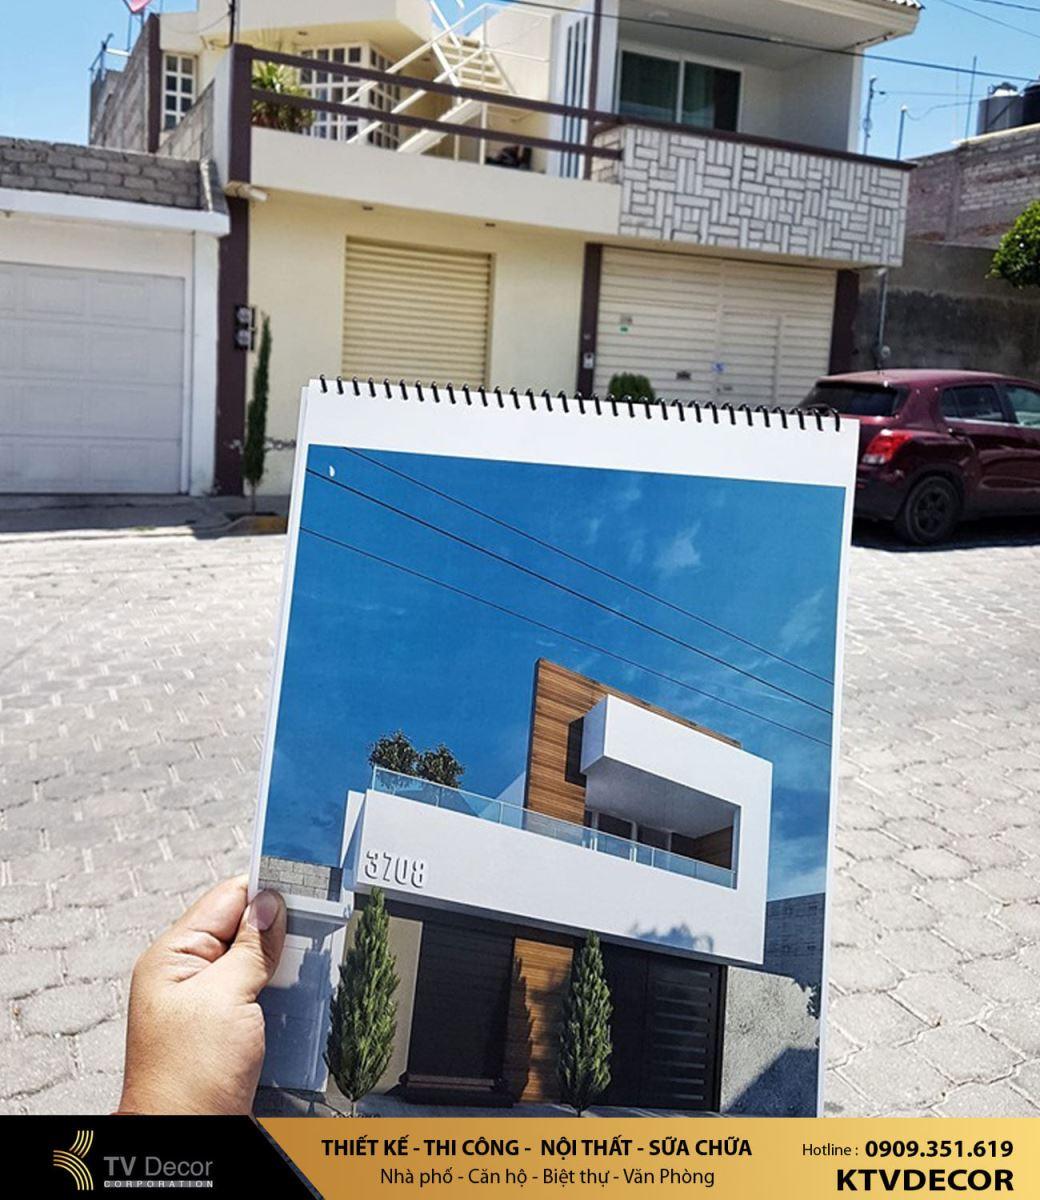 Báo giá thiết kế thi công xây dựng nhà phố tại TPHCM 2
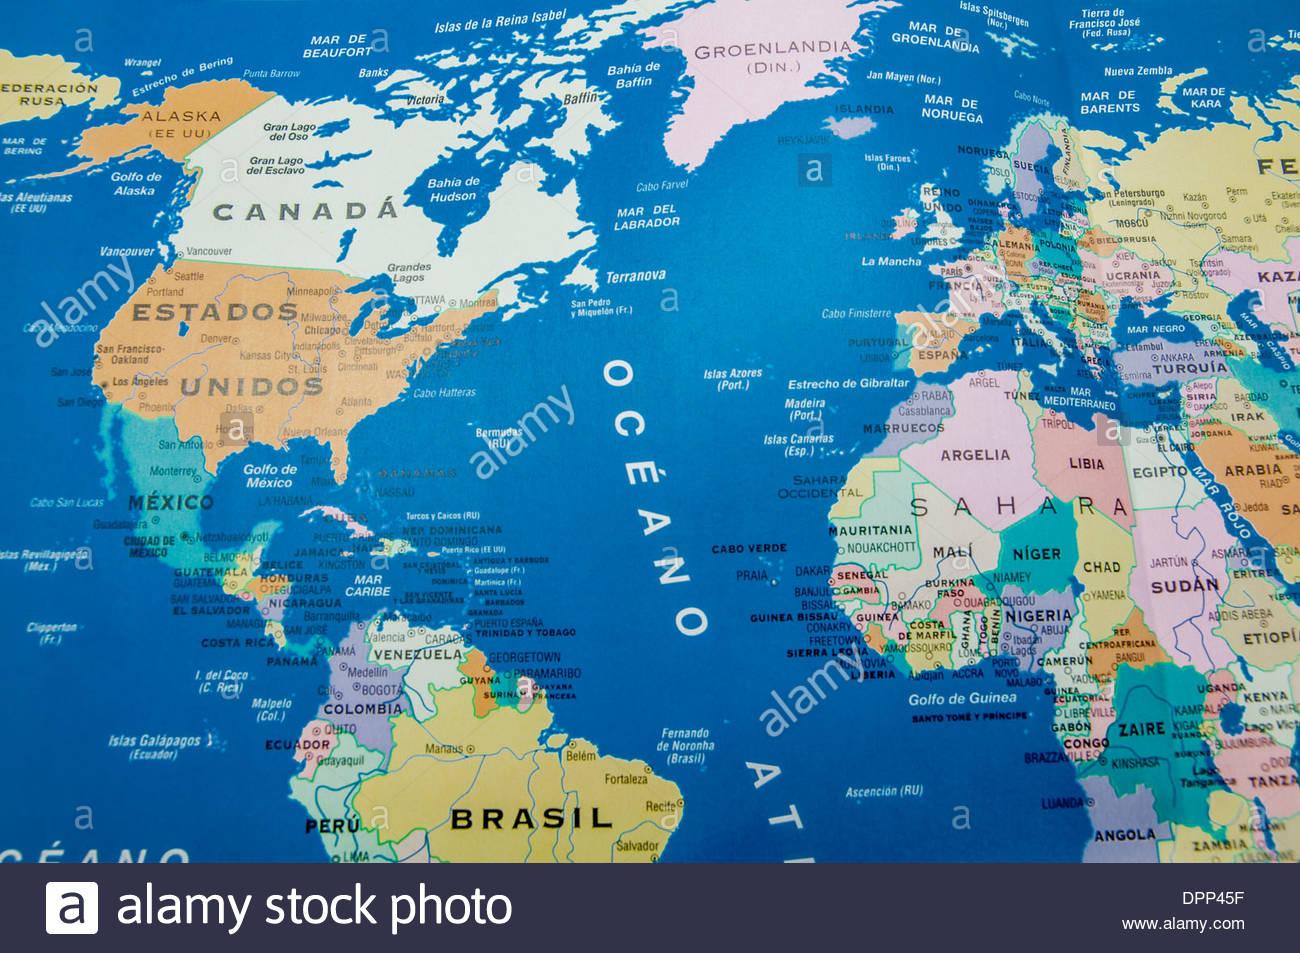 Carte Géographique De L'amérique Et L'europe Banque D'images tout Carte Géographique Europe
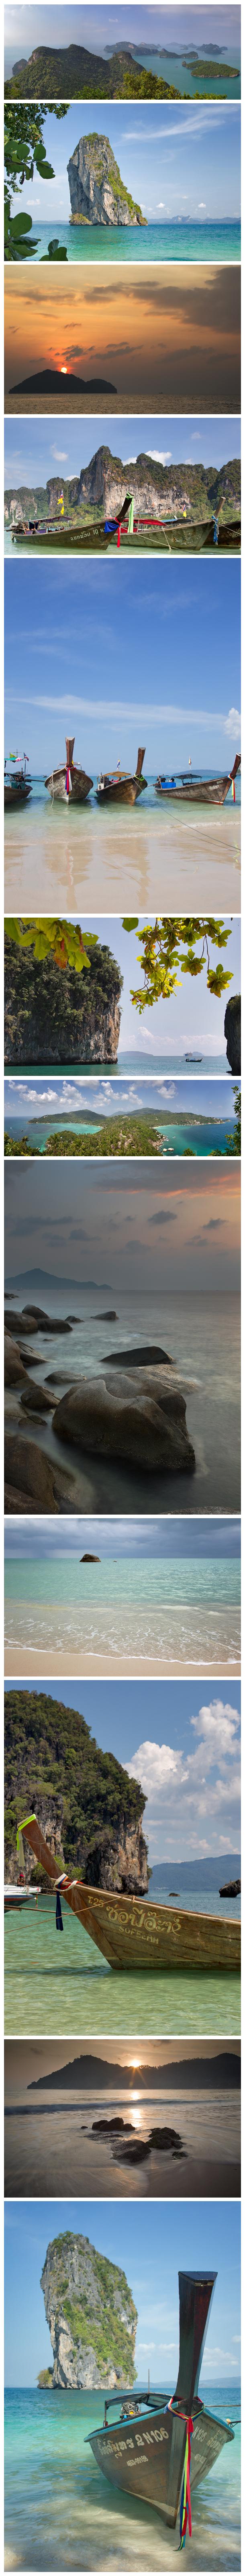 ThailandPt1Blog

YOUR TASK: Go through the listing above and write it all out exactly, leaving out any picture.

SOLVED EXERCISE:
 Báo giá thiết kế thi công xây dựng nhà phố tại TPHCM 2
 Carte Géographique De L'amérique Et L'europe Banque D'images tout Carte Géographique Europe
 ThailandPt1Blog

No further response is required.